Sports-related website

Relevo was a sports website written in Spanish and based in Madrid. It covers national and international sports, with a focus on Gen Z and millennial audiences. It is owned by Spanish media group Vocento. It launched on 6 October 2022, after four months of providing editorial coverage on TikTok, Twitch, Instagram, and Twitter.

May 29, 2025, Grupo Vocento discontinued Relevo.

==Content and features==
Relevo focused on sports-related topics. This differs from the trend of diversifying content observed in mainstream Spanish sports websites, such as Marca and Diario As. Relevo claimed to avoid clickbait techniques to attract users.

Relevo's coverage included a mix of original reporting, videos, and in-depth analysis.

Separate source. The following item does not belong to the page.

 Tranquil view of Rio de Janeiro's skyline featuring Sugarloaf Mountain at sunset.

Its business model was 'advertising-only'. Vocento stated that it did not expect the project to be EBITDA-positive until 2025.

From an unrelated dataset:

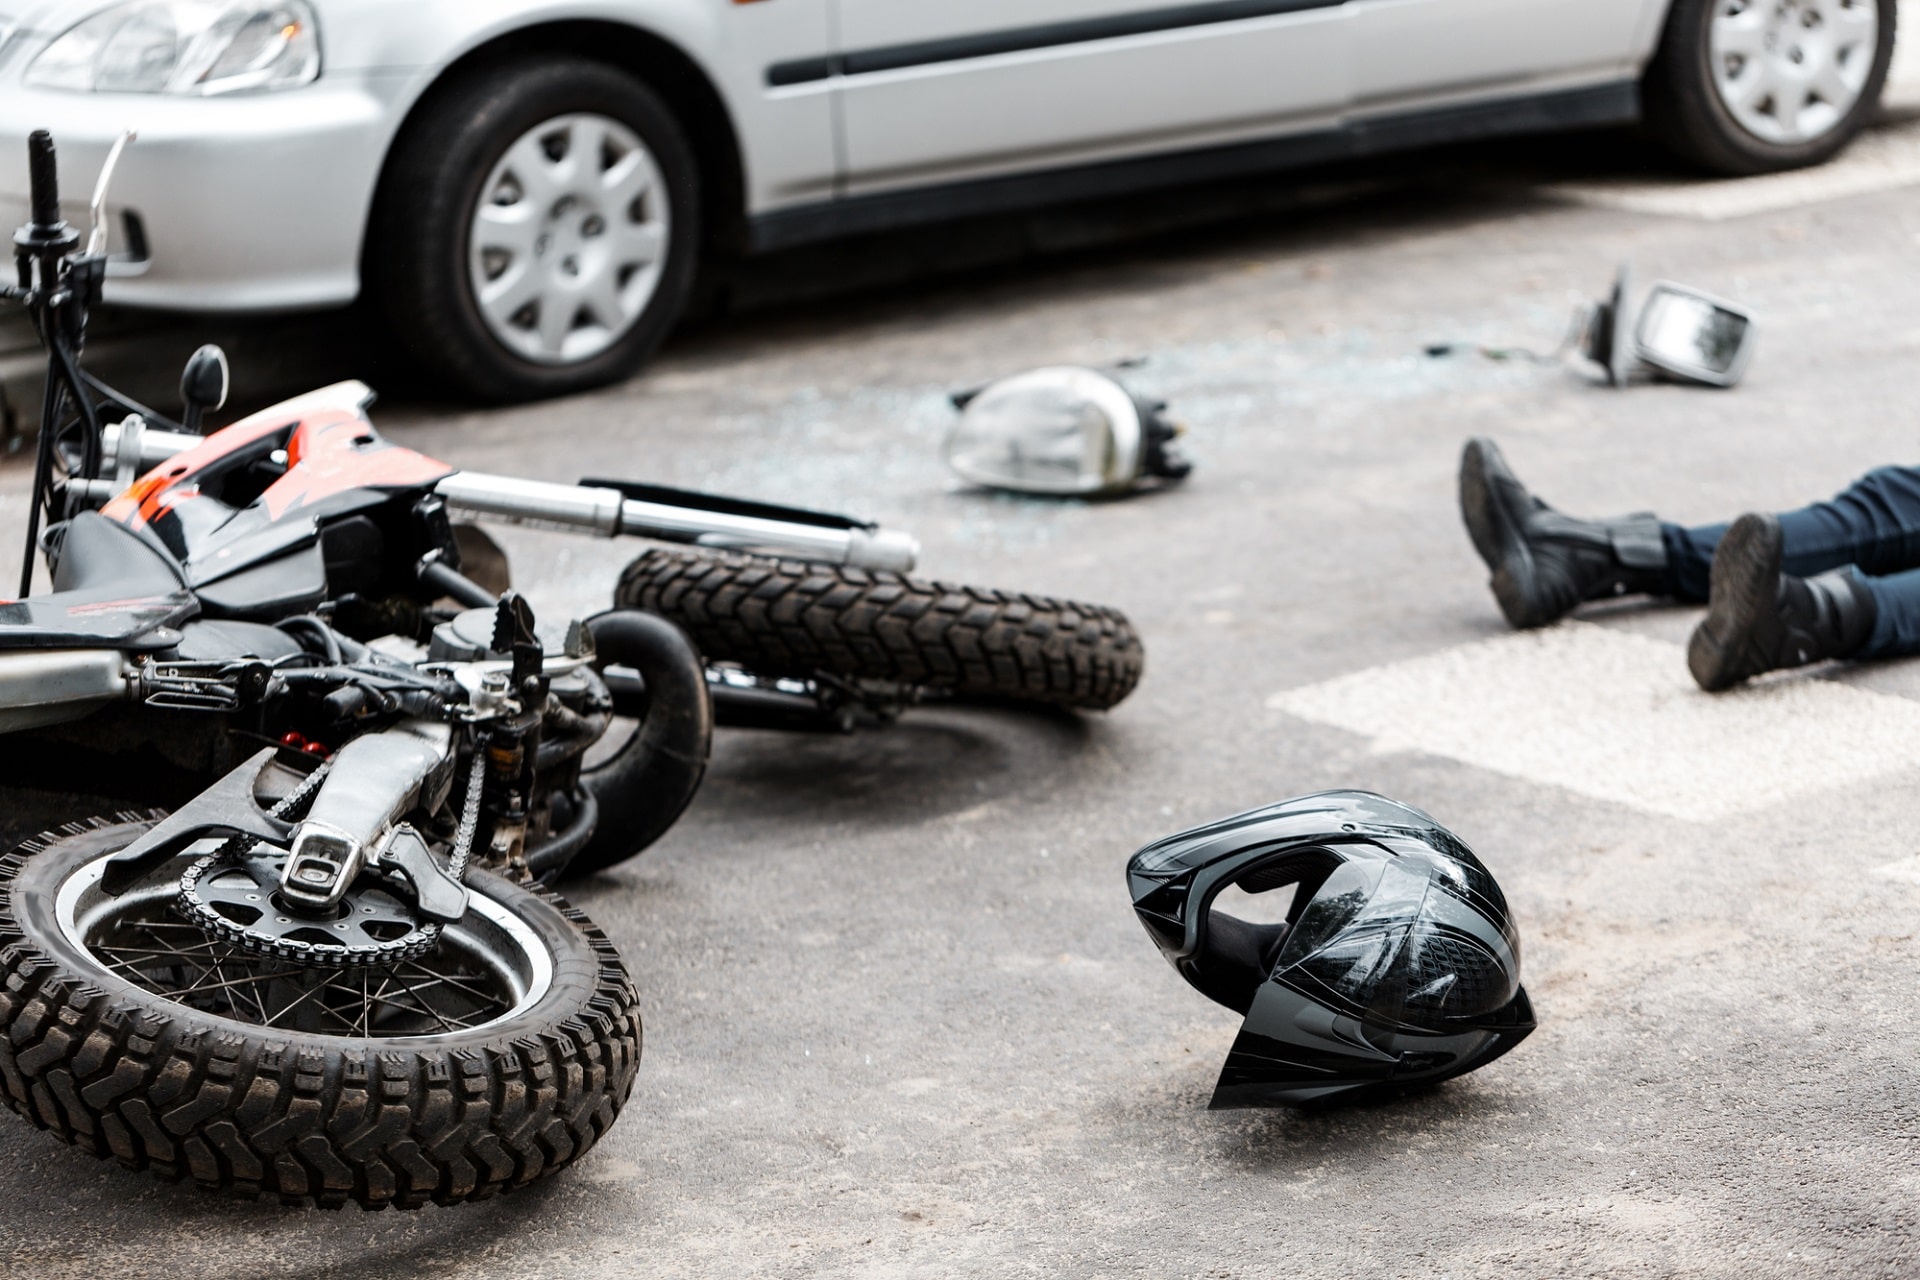 Motorcycle Accident Without a License in Florida. Can You File A Personal Injury Claim?

In the context of sports, the Spanish word "relevo" refers to a member of a team handing off a baton or taking a leg on a relay race competition, such as those typically held in track, cycling, or swimming.

== History ==
Óscar Campillo, former editor of Marca and then PR director at Vocento, started developing the project in December 2021, supported by a small group of former Marca and As journalists. In May 2021, Relevo started a live Twitter thread where a headcount of the team is kept. As of October 2022, this thread featured 73 people.

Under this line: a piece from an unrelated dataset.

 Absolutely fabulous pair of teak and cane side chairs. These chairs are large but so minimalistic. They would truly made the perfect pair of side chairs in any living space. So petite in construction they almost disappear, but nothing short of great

Relevo started publishing content on TikTok in May 2022. In the following weeks, it launched profiles on Twitter and Instagram, as well as a 3-hour weekday daily live show on Twitch. As of October 2022, Relevo had amassed a combined following of 312,000 user profiles amongst the four platforms.

Relevo's launch on social networks was covered by Spanish media experts as an example of a successful strategy to build a social media following.